**Work request:**
Write again exactly the lines in the listing below, starting at the line with "The Hunger Games" and ending at the line with "Mom At Least", both included. Pictures are not copied.

**Supplied records:**
*** Block opens ***
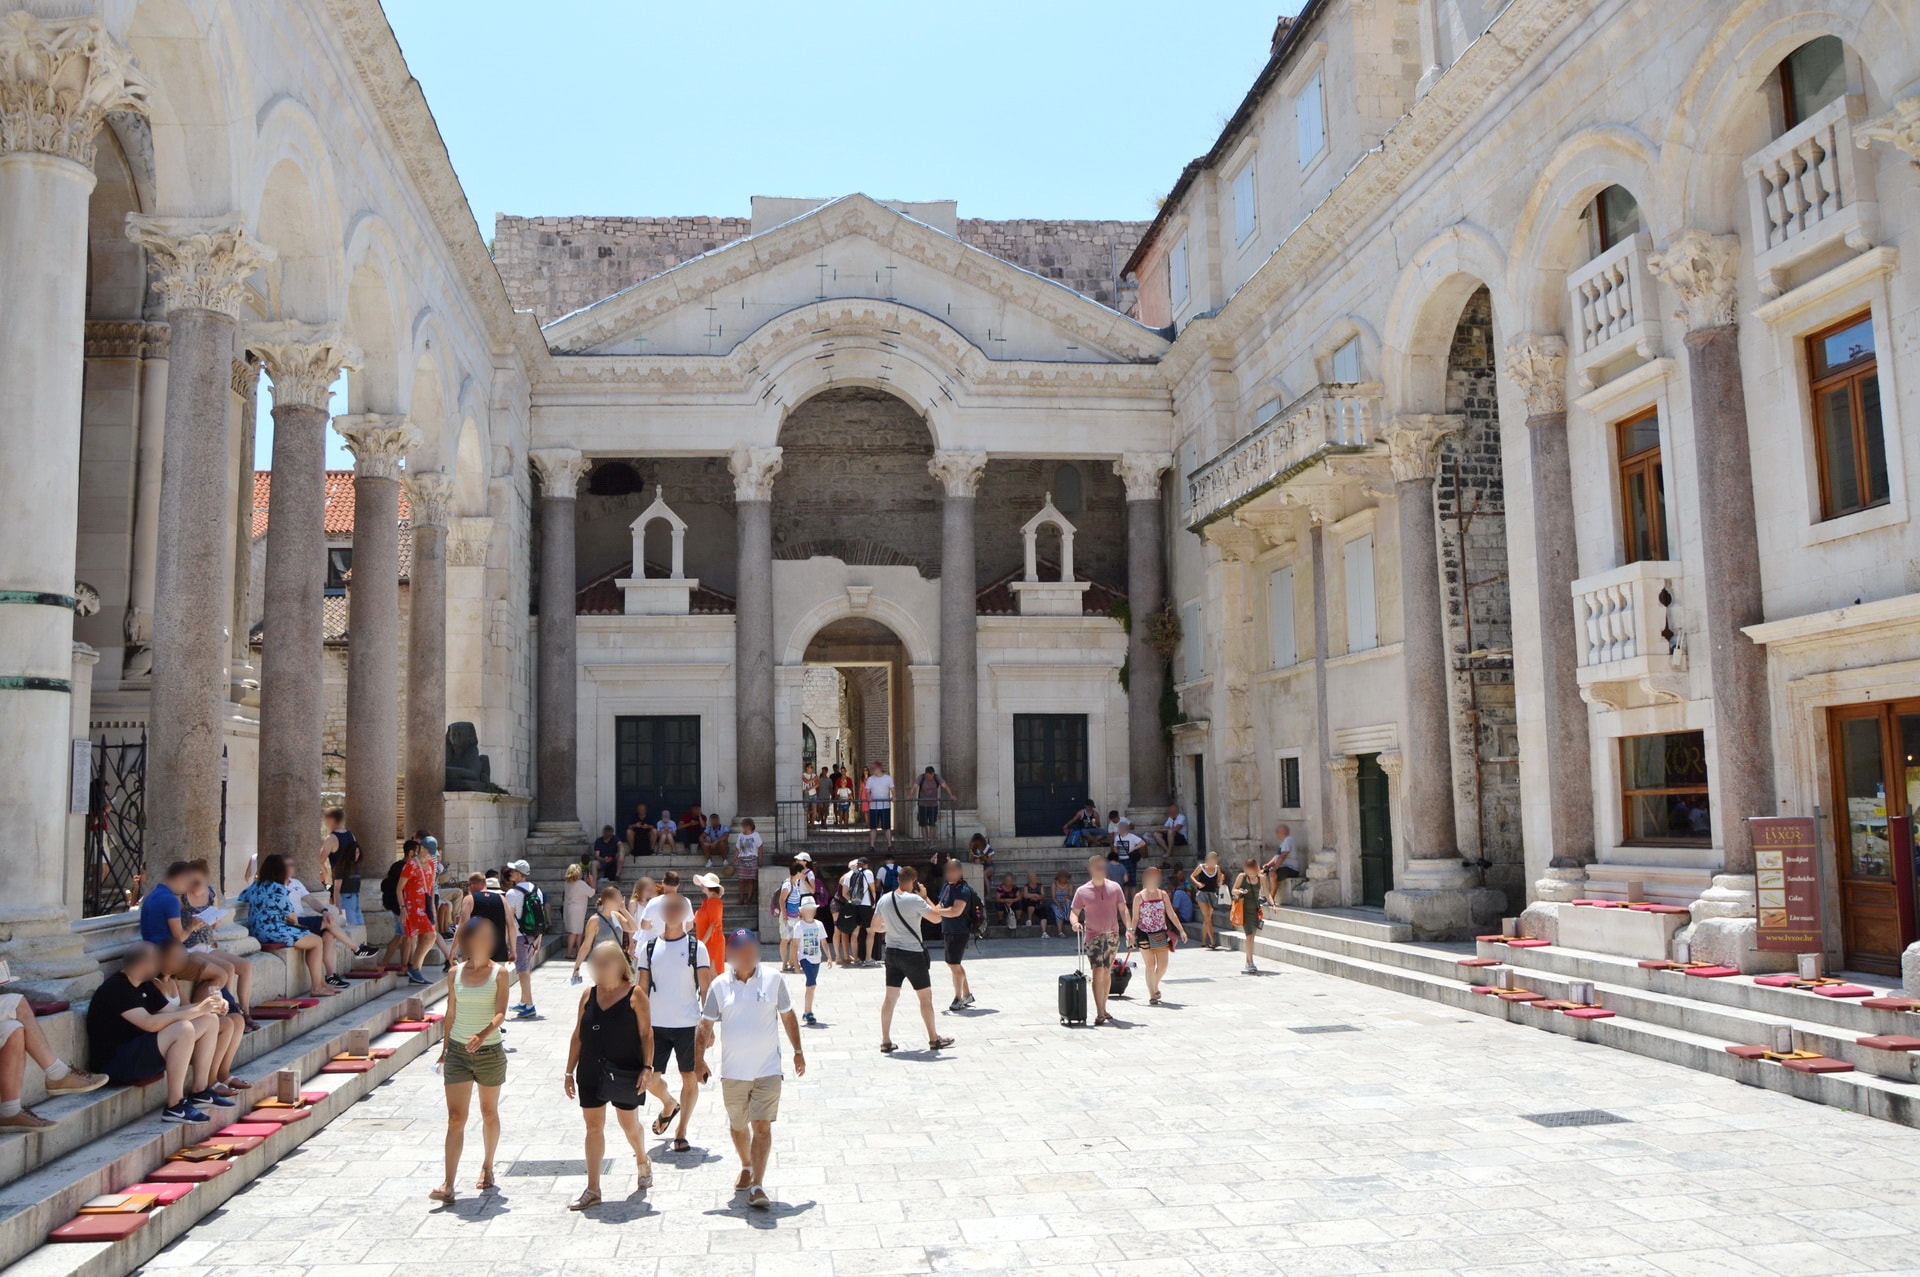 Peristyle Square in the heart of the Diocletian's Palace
*** Block closes ***
*** Block opens ***
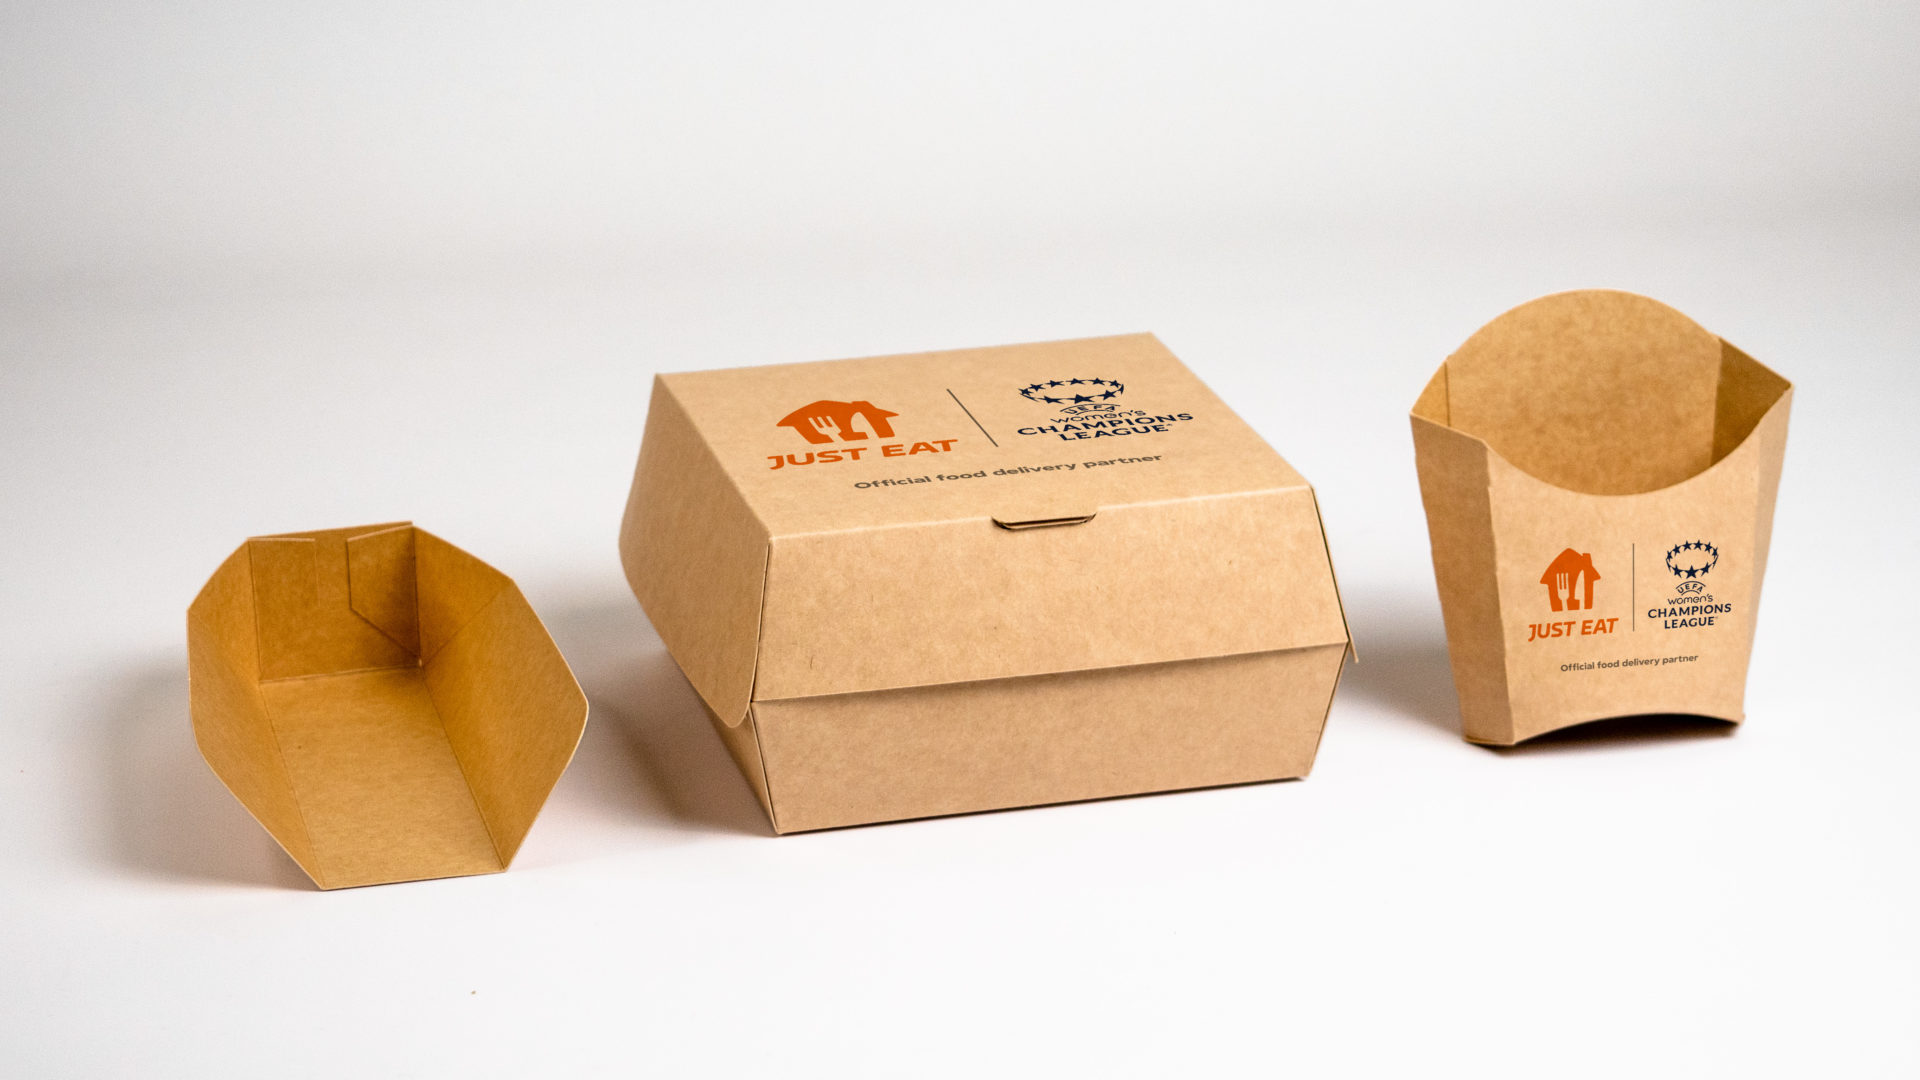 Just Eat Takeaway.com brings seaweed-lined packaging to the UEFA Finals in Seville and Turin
*** Block closes ***
*** Block opens ***
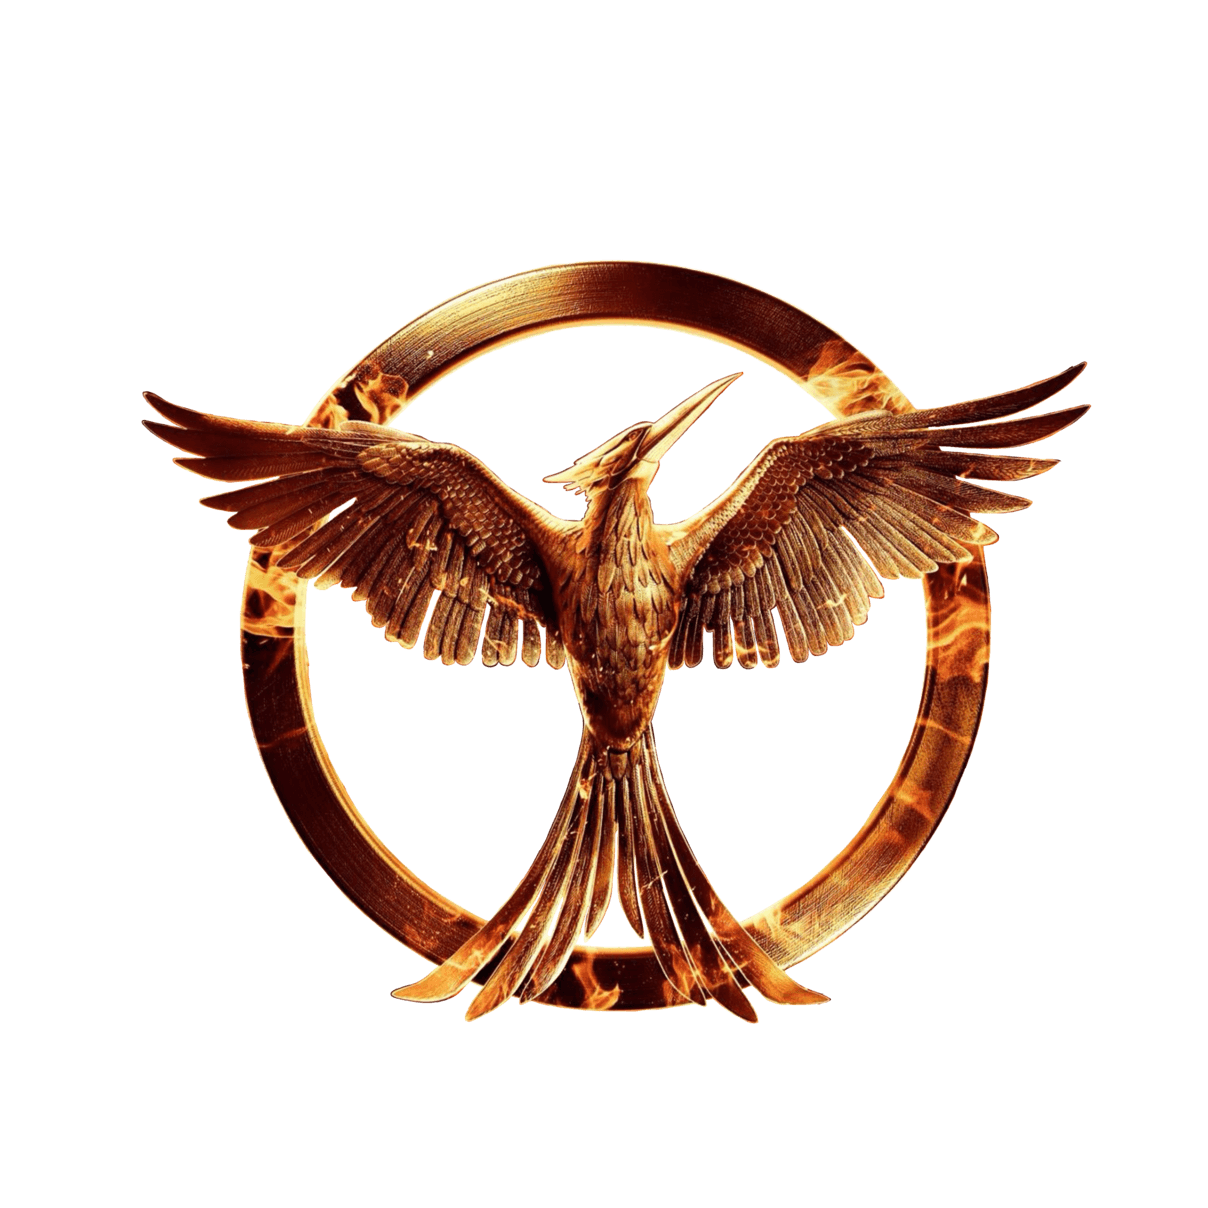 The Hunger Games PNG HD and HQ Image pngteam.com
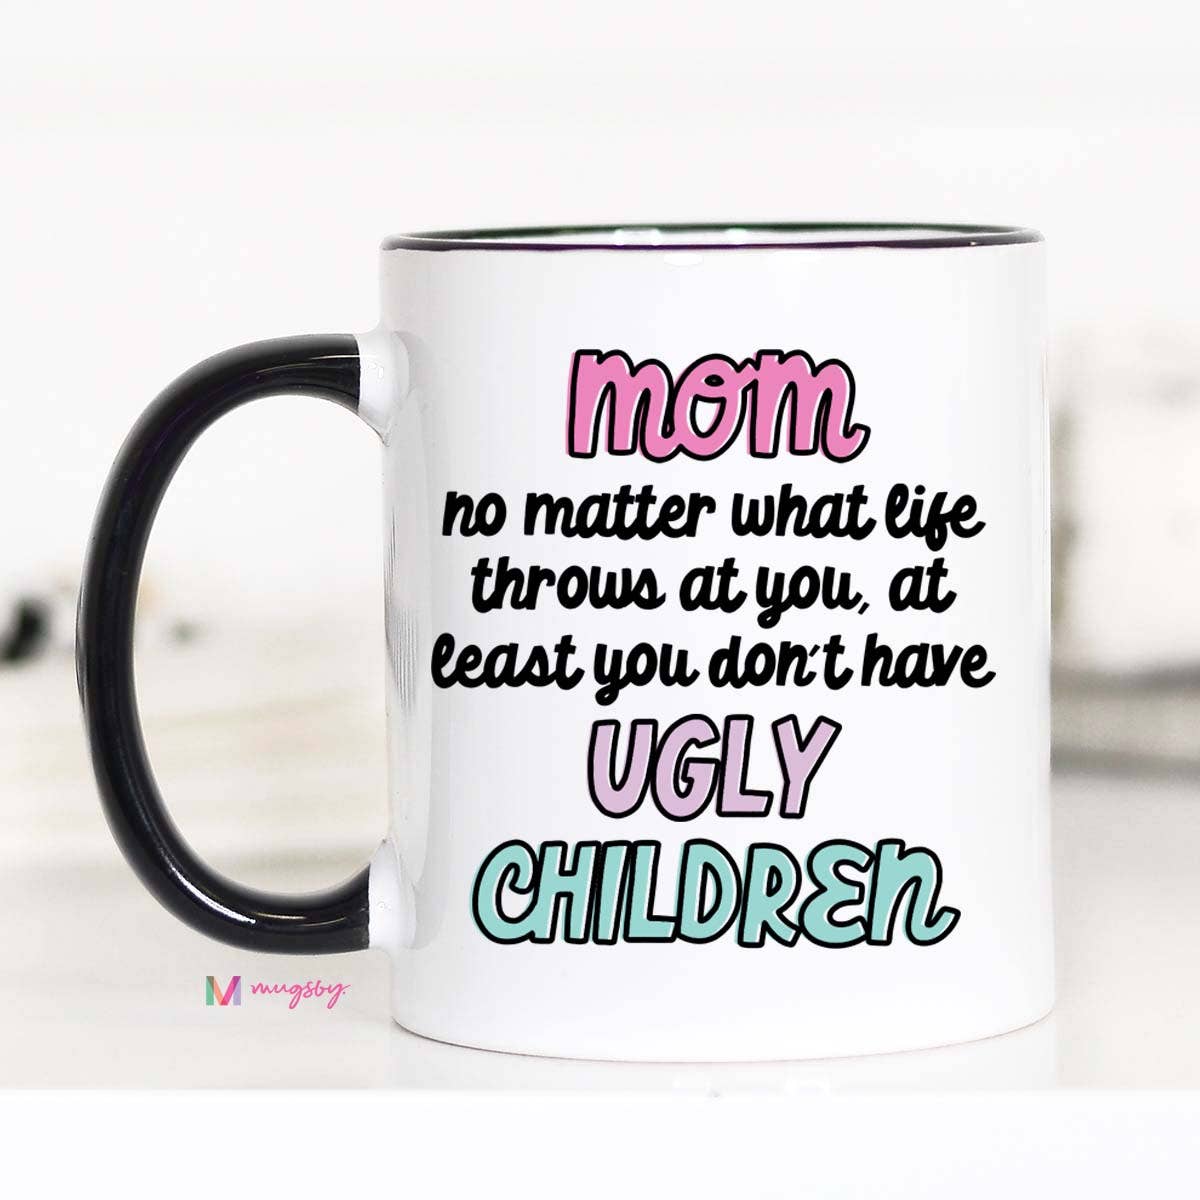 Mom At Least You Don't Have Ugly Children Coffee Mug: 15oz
*** Block closes ***
**Written solution:**
 The Hunger Games PNG HD and HQ Image pngteam.com
 Mom At Least You Don't Have Ugly Children Coffee Mug: 15oz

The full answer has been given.